# Bass Clubs



## JBilliard (Oct 2, 2009)

Posted in Freshwater Fishing Forum but was recommended to post here also:

Another Question to the Forum: I fished in a Bass Club back in Arizona before I moved back to Georgia. I am looking to join a club out here with the new year beginning. Seeing if you guys have an recommendations. 

I used to fish more competitive tourneys out west but now with Kids have slowed to more of a club fisherman. Also being new to Bass Fishing in Georgia I am trying to learn the lakes.

I live in the Woodstock, Canton area, 31 years Old. Own my own boat (2003 Ranger 175).

Appreciate any information and recommendations.


----------



## pbradley (Oct 2, 2009)

JBilliard said:


> Posted in Freshwater Fishing Forum but was recommended to post here also:
> 
> Another Question to the Forum: I fished in a Bass Club back in Arizona before I moved back to Georgia.
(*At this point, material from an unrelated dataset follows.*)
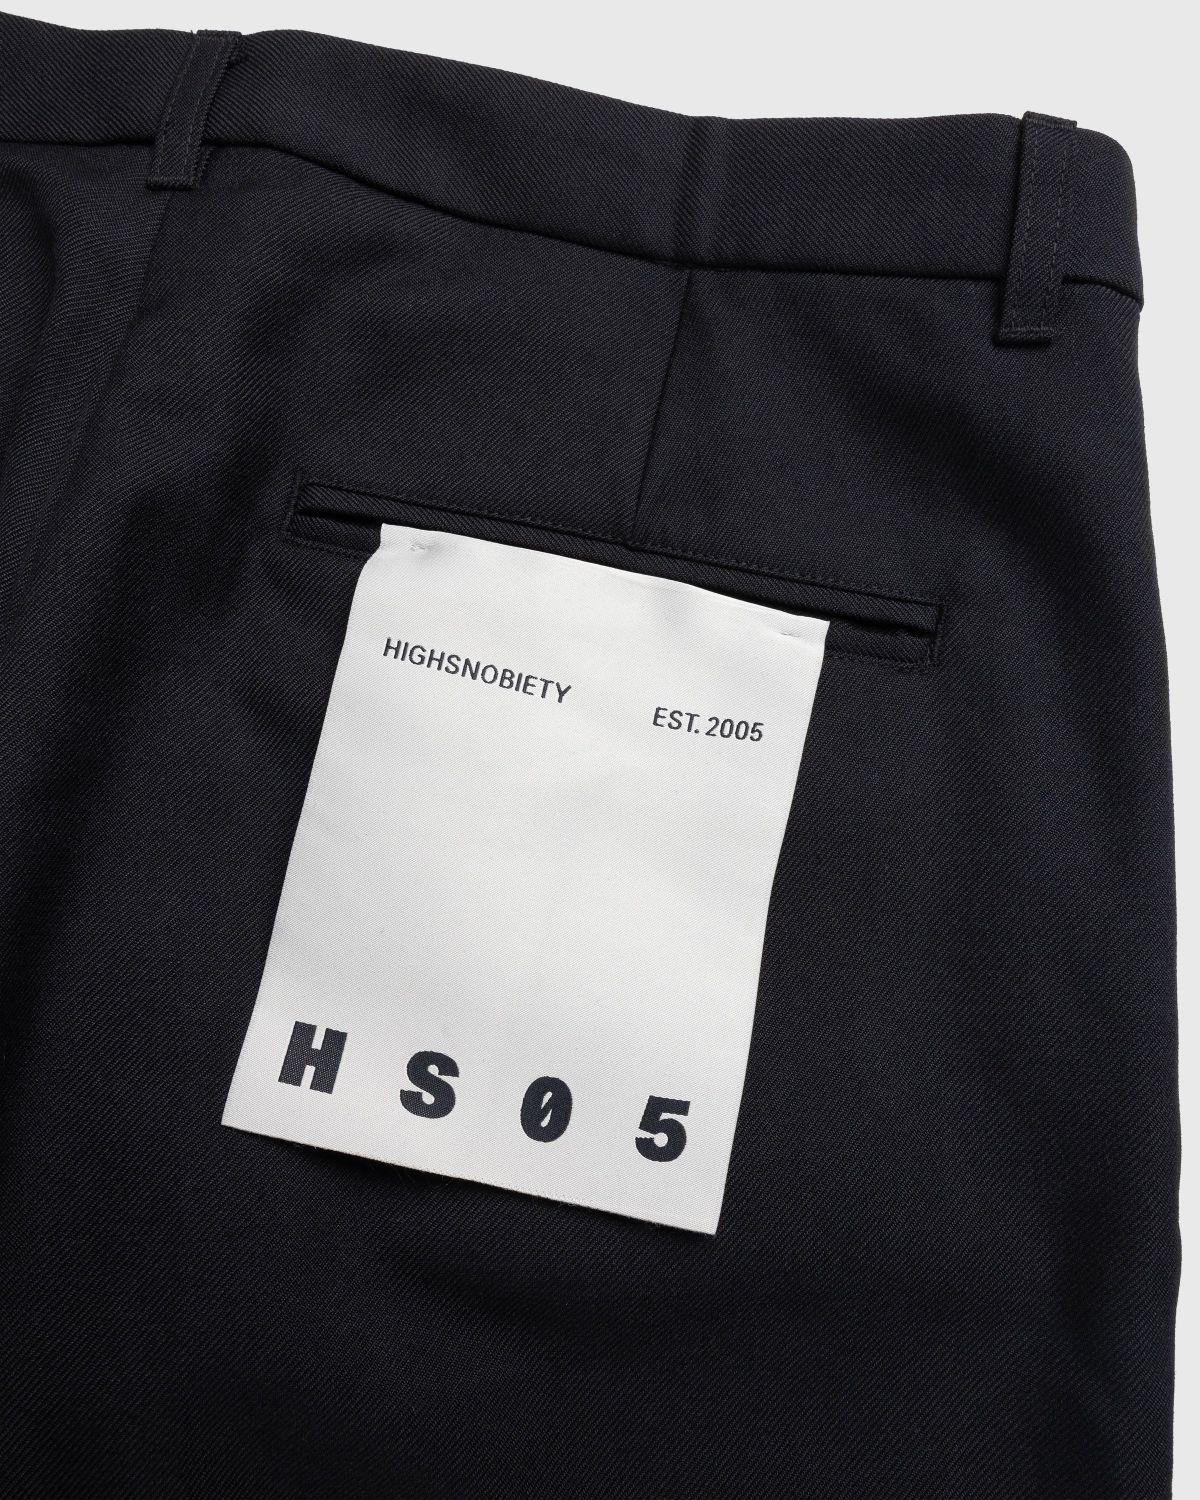 Highsnobiety HS05 – Wool Dress Pants Black - Pants - Black - Image 7
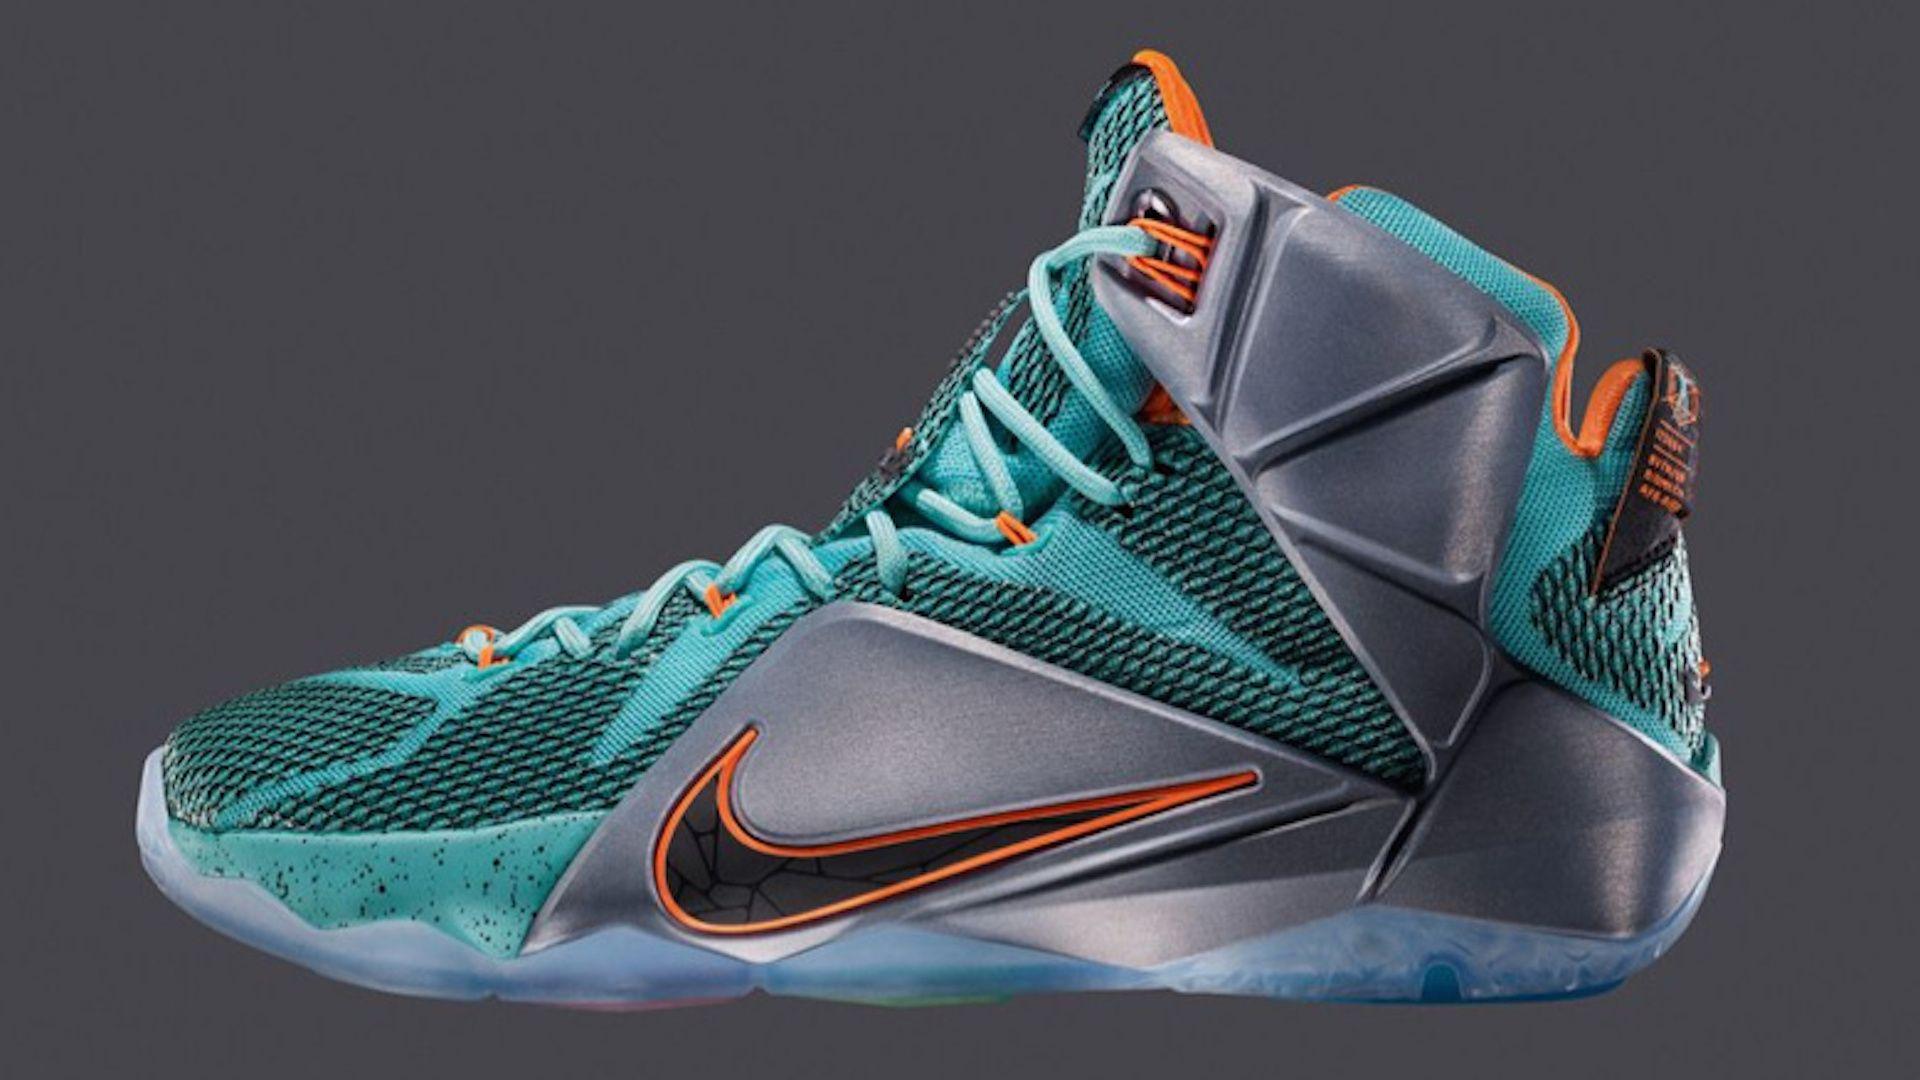 Nike releases newest LeBron James signature shoe in LeBron 12. NBA

I am looking to join a club out here with the new year beginning. Seeing if you guys have an recommendations.
> 
> ...



I fish with the Southside Bassmasters.  (www.southsidebassmasters.com)

Great bunch of guys.  We fish all over the place: Bartlett's Ferry, Jackson, Lanier, Eufaula, Logan Martin, Jordan, Neely Henry, Guntersville, Lay, Mitchell, West Point, Oconee.

We had an abbreviated trail this year, so the tourney season is over until February.  

We will have our annual Kid's Tournament in Palmetto this coming Sunday.  If you're interested in stopping by to meet the guys, shoot me a PM and I'll give you details.


----------



## riprap (Oct 2, 2009)

Our club is called the southern boys. We fish just about anywhere within a couple of hours of Atlanta. We have a couple of guys that live up in Canton. We vote on lakes every month with cheap entry fees, and a good group of guys. It is not federated, just a pay club and we do keep up with points. We don't have a classic. We have a few more tourneys this year if you want to try us out. Shoot me a PM if interested.


----------



## DIGGERATL (Oct 14, 2009)

We just finished our 2009 season, but will be starting  2010 soom visit us at www.poormanstrail.com 

just some good ole boy's who like to fish


----------



## hortonr (Oct 16, 2009)

check out southsidebassmasters. great group of guys


----------



## D.PRUFF (Nov 13, 2009)

Any body here do any bass fishing, or belong to any bass clubs. If so let me know. I have a friend of mine that I fish bass tournaments with. I am working so much now that I cant go all the time. So if anyone is interested in taking my spot let me know and I will talk to him about it. Normally we do a lot of practice fishing on the lakes we fish before a tournament. Well if your interested let me know and I will see if i can hook you up.

SLEEPY


----------